Fecha: 17 de Febrero de 2016

Tribunal: AP - Sevilla

Ponente: HERRERA TAGUA, JOSE

Nº de sentencia: 77/2016

Núm. Cendoj: 41091370052016100015


Encabezamiento

AUDIENCIA PROVINCIAL

SECCIÓN QUINTA

REFERENCIA

JUZGADO DE 1ª. INSTANCIA Nº. 15 DE SEVILLA

ROLLO DE APELACIÓN 5591/15-S

AUTOS Nº 891/14

SENTENCIA

ILTMO. SR. MAGISTRADO :

DON JOSÉ HERRERA TAGUA.

En Sevilla, a 18 de febrero de 2016.

VISTOS por el Iltmo. Sr. Don JOSÉ HERRERA TAGUA, Magistrado de la Sección Quinta de esta Iltma Audiencia Provincial los autos de Juicio Verbal nº 891/14, procedentes del Juzgado de Primera Instancia nº. 15 de Sevilla, promovidos por Don Alexander y Dª. Camino , representados por la Procuradora Dª. Cristina Martín Martín, contra el Consorcio de Compensación de Seguros, representado por el Abogado del Estado; autos venidos a esta alzada en virtud de recurso de apelación interpuesto por la parte demandada contra la Sentencia en los mismos dictada con fecha 8 de abril de 2015 .

Antecedentes

Se aceptan sustancialmente los de la resolución apelada, cuyo fallo literalmente dice: ' FALLO: Que estimando la demanda interpuesta por Doña Camino debo condenar al Consorcio de Compensaciónde Seguros al abono de la cantidad de 2515,90 euros, más los intereses legales y sin expresa imposición de costas .

Que estimando la demanda interpuesta por Don Alexander debo condenar al Consorcio de Compensación de Seguros al abono de 1650,44 euros, más los intereses legales y sin expresa imposición de costas .
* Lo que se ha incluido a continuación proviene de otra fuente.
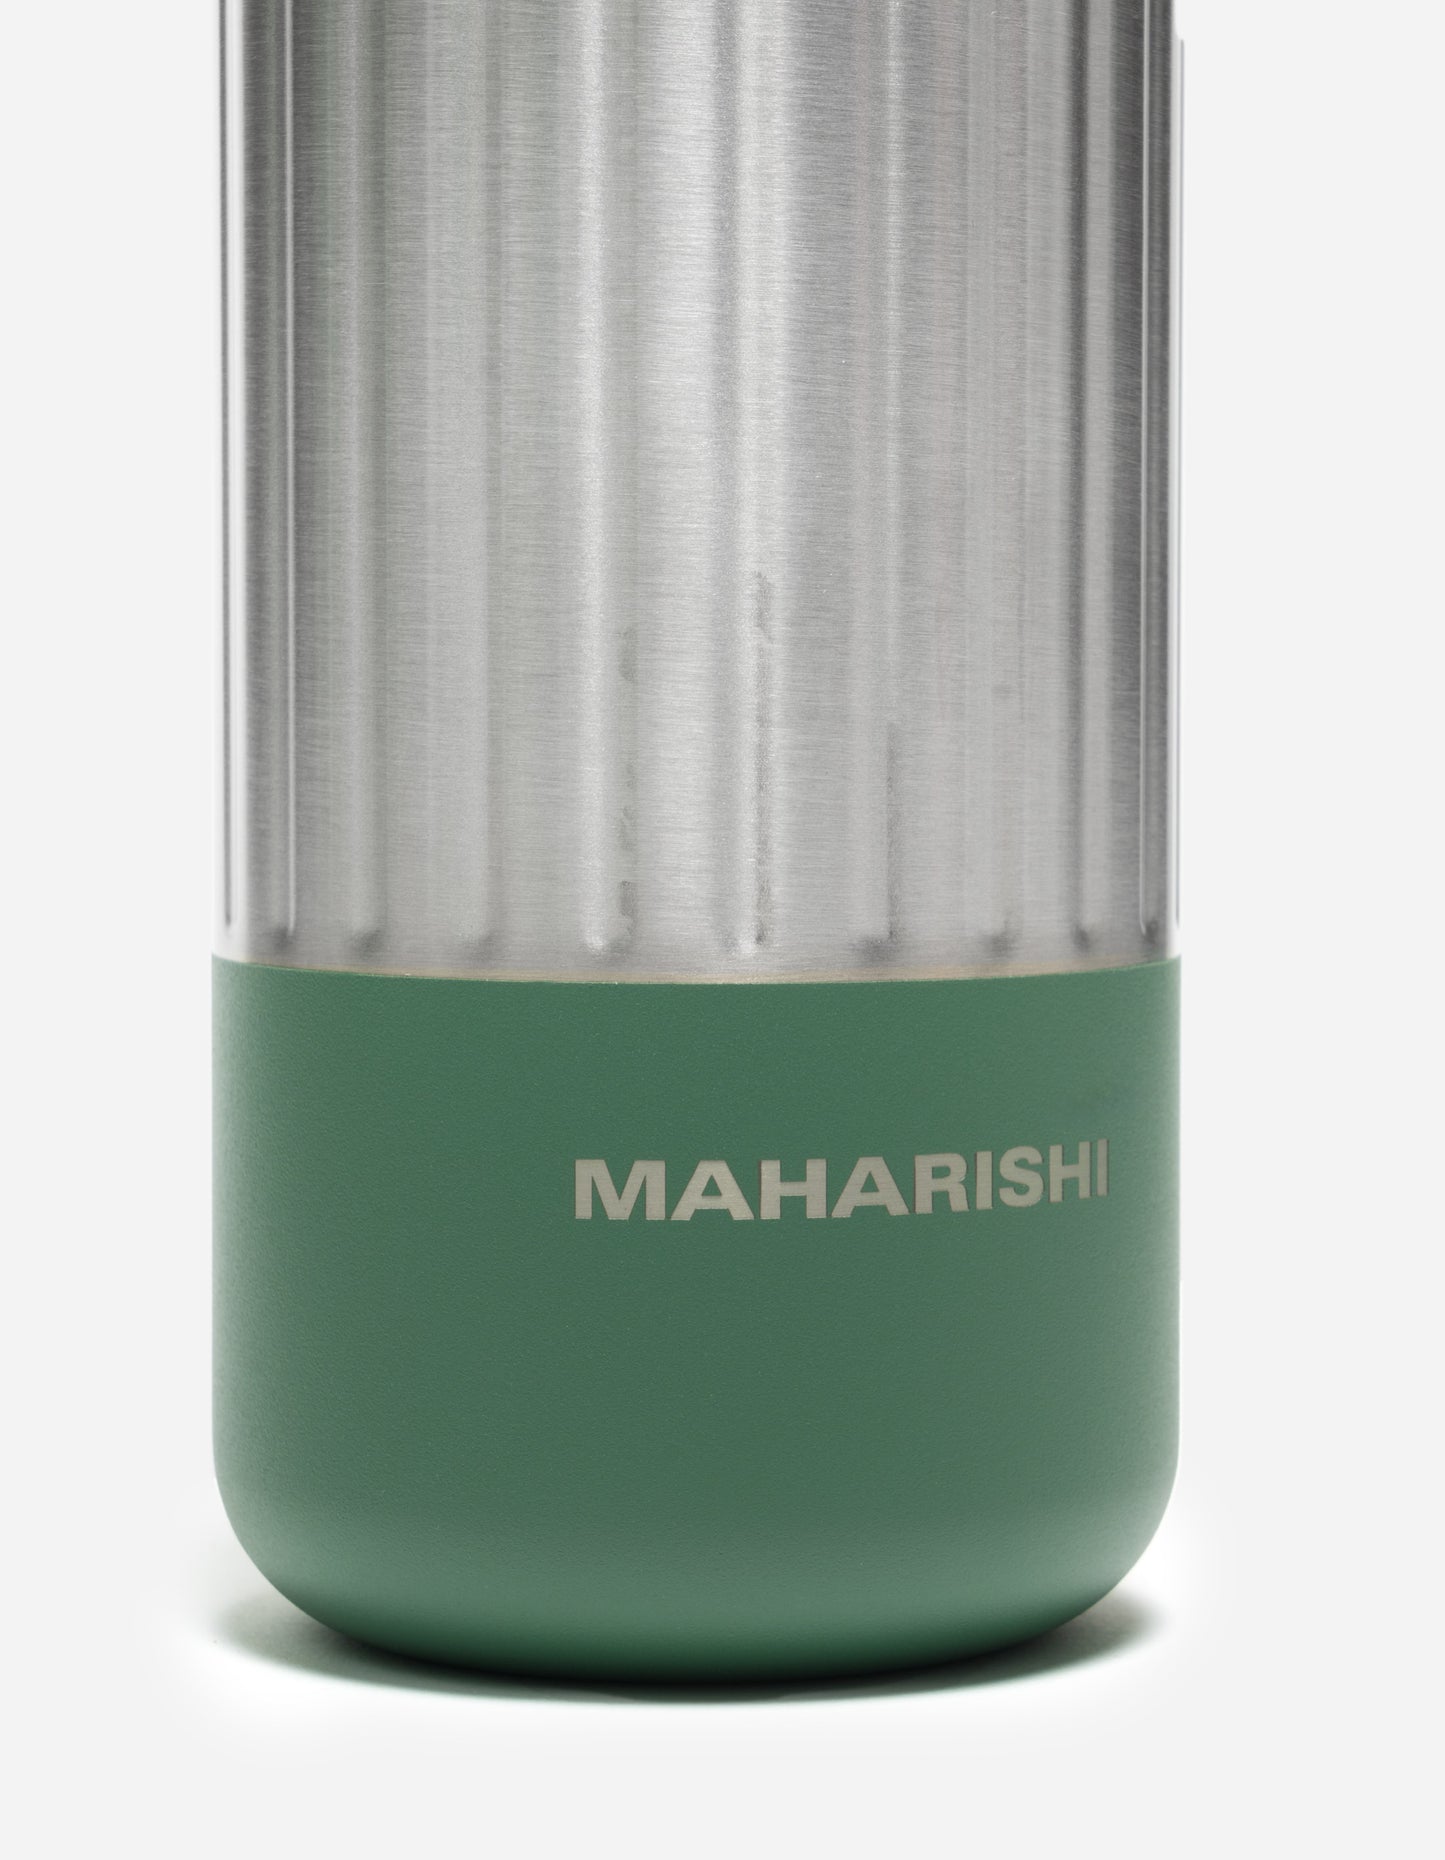 Maharishi x Black+Blum Explorer Bottle
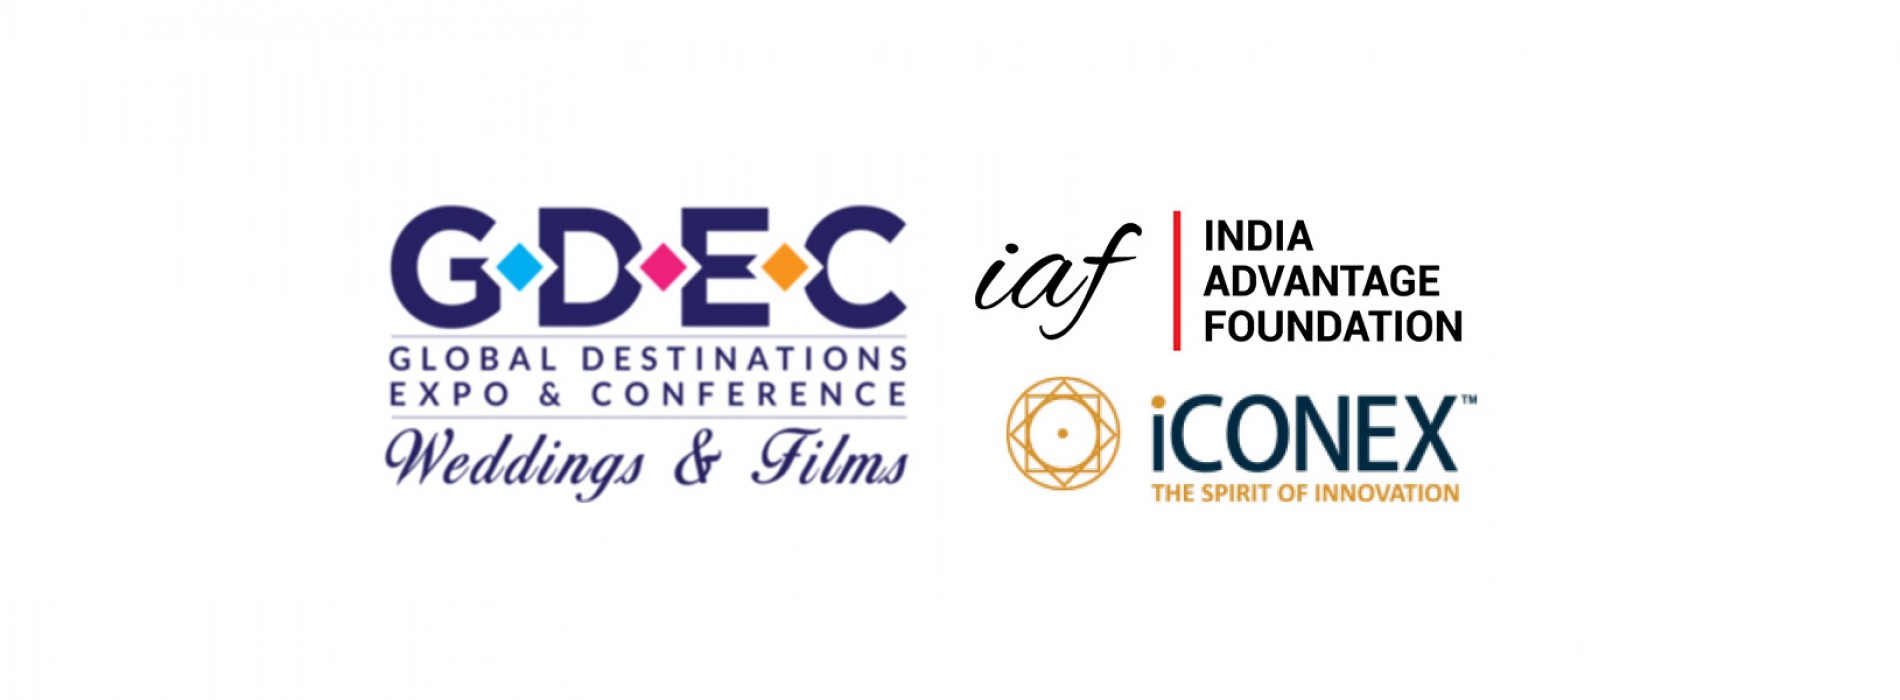 India Has Beautiful Locations for Destination Weddings & Film Shoots: GDEC

PRIMERO.-Notificada a las partes dicha resolución y apelada por la parte demandada, y admitido que le fue dicho recurso en ambos efectos, se elevaron las actuaciones originales a esta Audiencia con los debidos escritos de interposición de la apelación y de oposición a la misma , dándose a la alzada la sustanciación que la Ley previene para los de su clase.

SEGUNDO.-En la sustanciación de la alzada se han observado las prescripciones legales.


Fundamentos

PRIMERO.-Por la Procuradora Doña Cristina Martín Martín, en nombre y representación de Don Alexander y Doña Camino , se presentó demanda contra el Consorcio de Compensación de Seguros, interesando que se le condenase al pago de 1.500 euros a favor del Sr. Alexander , y 2.287 euros a favor de la Sra. Camino , por las lesiones que sufrieron el día 1 de enero de 2.013 cuando viajaban como ocupantes del vehículo Seat Ibiza, matrícula PU-....-PG , conducido por Don Hernan , al ser golpeado por detrás por un vehículo desconocido a la altura de la confluencia de la Avenidas de Kansas City y Manuel del Valle de Sevilla, cuando estaban detenidos ante un semáforo en rojo. En el trámite correspondiente, el Consorcio de Compensación de Seguros se opuso, al entender que no quedaban acreditados los hechos. La Sentencia dictada en primera instancia estimó la demanda, contra la que interpuso recurso de apelación la parte demandada, que reiteró sus motivos de oposición.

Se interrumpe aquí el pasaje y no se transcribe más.